Schempp W, Müller G, Scherer G, Bohlander S K, Rommerskirch W, Fraccaro M, Wolf U
Institut für Humangenetik und Anthropologie der Universität, Freiburg i. Br., Federal Republic of Germany.
Hum Genet. 1989 Jan;81(2):144-8. doi: 10.1007/BF00293890.
By in situ hybridization, Y-specific DNA sequences were localized on Xp22.3-Xpter of one of the two X chromosomes in all of eleven XX males studied. In nine of the cases the presence of the Y-specific DNA did not affect random X inactivation in fibroblasts. Fibroblasts of the other two cases showed a preferential inactivation of the Y DNA-carrying X chromosome. In only one of these two exceptions blood lymphocytes could also be studied, and here, random inactivation of the Y DNA-carrying X chromosome occurred. Furthermore, the gene dosage of steroid sulfatase (STS) was examined by Southern blot analysis. In ten of the cases including the one showing random X-inactivation in lymphocytes but not in fibroblasts, a double dosage of the STS gene is present. The remaining case with non-random inactivation shows a single STS gene dosage. This case was reported previously to have STS enzyme activity in the male range. It is assumed that, as a consequence DNA sequences may result in the preferential inactivation of the Y DNA-carrying X chromosome.

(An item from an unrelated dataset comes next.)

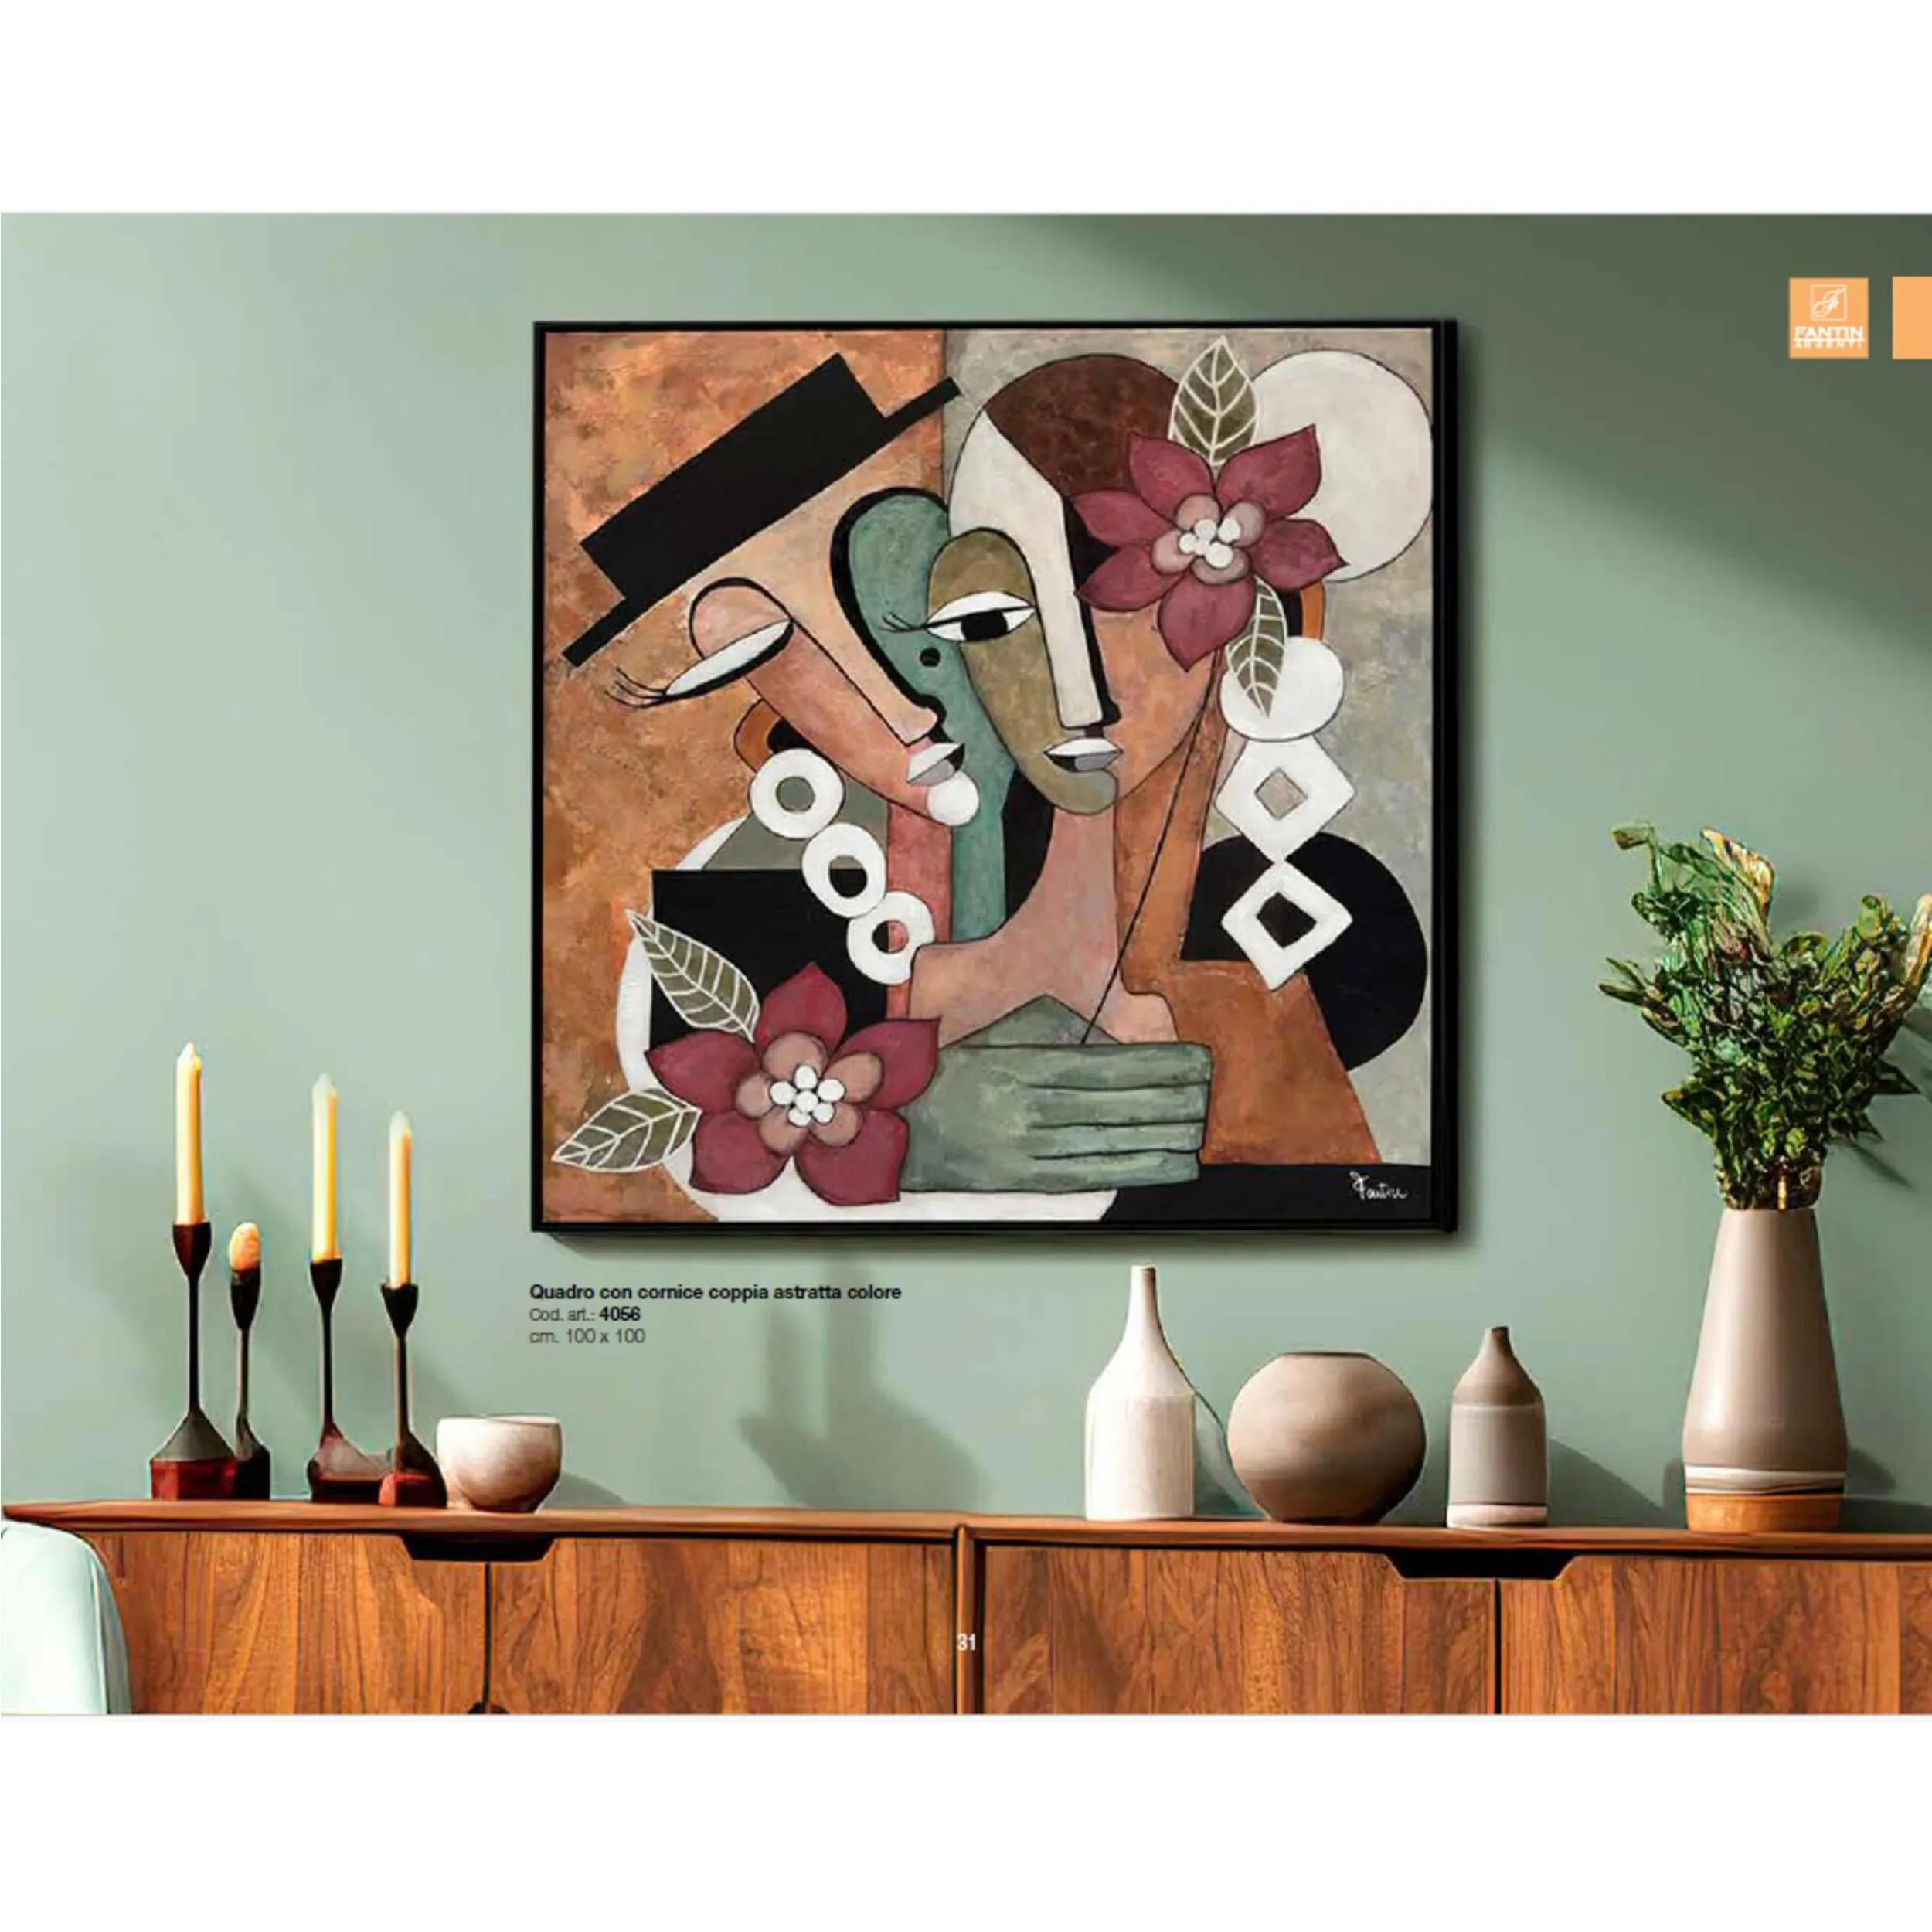 Quadro con cornice da parete, COPPIA ASTRATTA COLORE 100x100x1,6 cm pannello in legno colore con colori acrilici e tempera
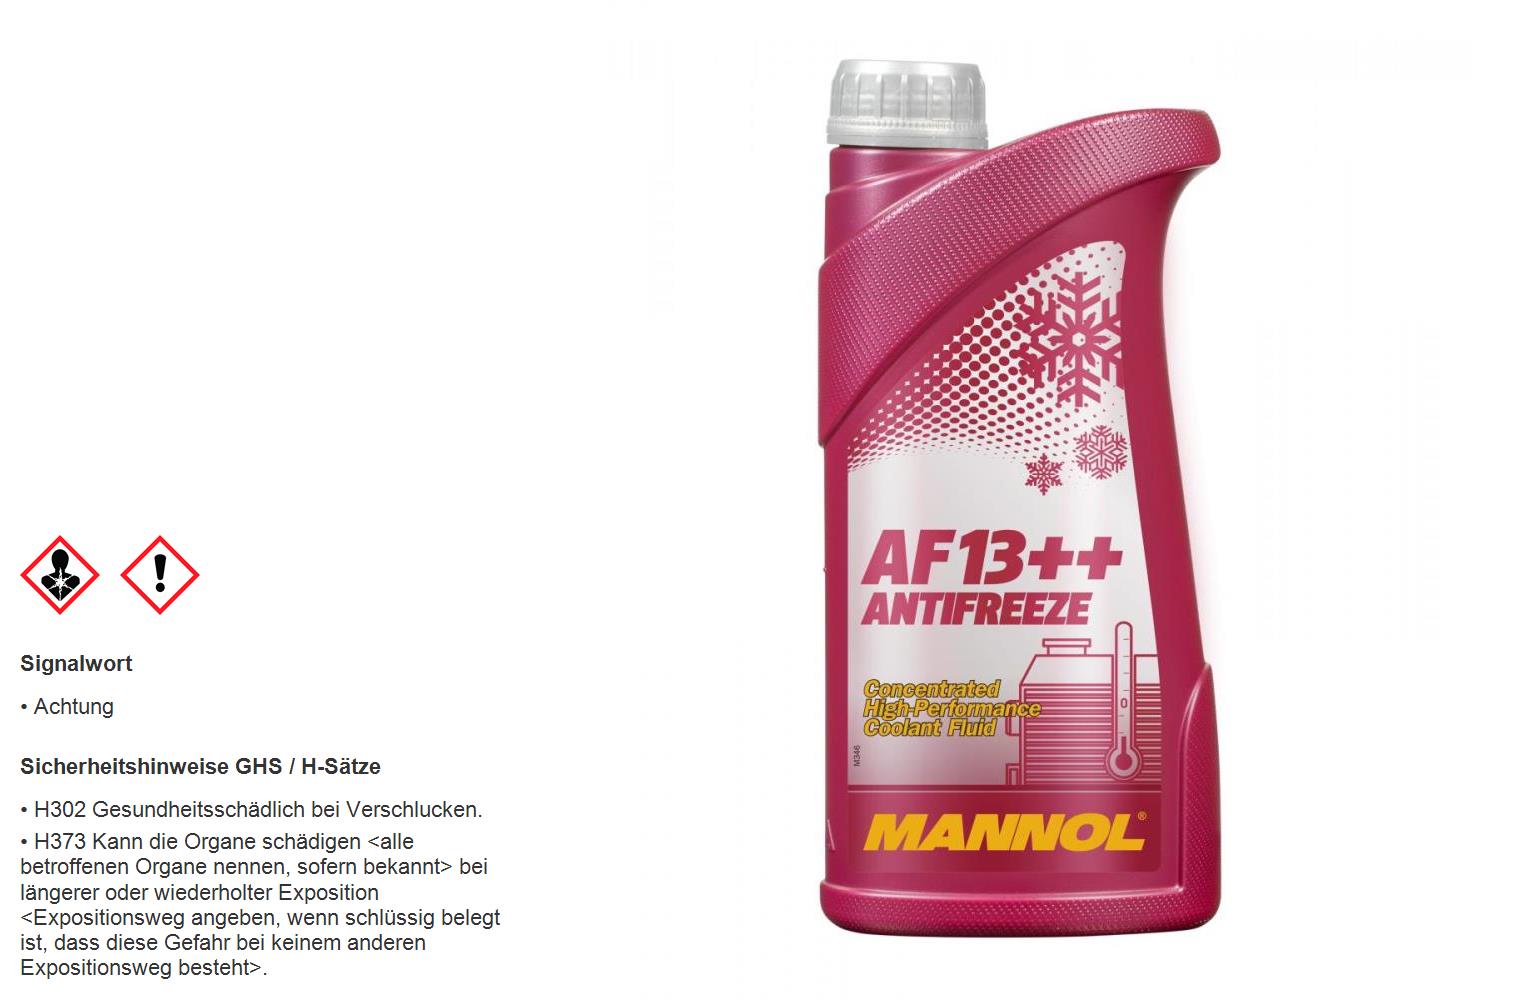 MANNOL 1 Liter AF13++ Antifreeze (High-performance) Kühlerfrostschutz

通过原位杂交,在所有11名XX男性中,Y特异性DNA序列定位于两条X染色体之一的Xp22.3 - Xpter区域。在9例中,Y特异性DNA的存在不影响成纤维细胞中随机的X染色体失活。另外两例的成纤维细胞显示携带Y DNA的X染色体优先失活。在这两个例外情况中,仅对其中1例的血液淋巴细胞进行了研究,结果显示携带Y DNA的X染色体随机失活。此外,通过Southern印迹分析检测了类固醇硫酸酯酶(STS)的基因剂量。在包括1例淋巴细胞中显示随机X染色体失活但成纤维细胞中未显示的10例中,存在双倍剂量的STS基因。其余非随机失活的病例显示单倍剂量的STS基因。该病例先前报道具有男性水平的STS酶活性。据推测,DNA序列可能导致携带Y DNA的X染色体优先失活。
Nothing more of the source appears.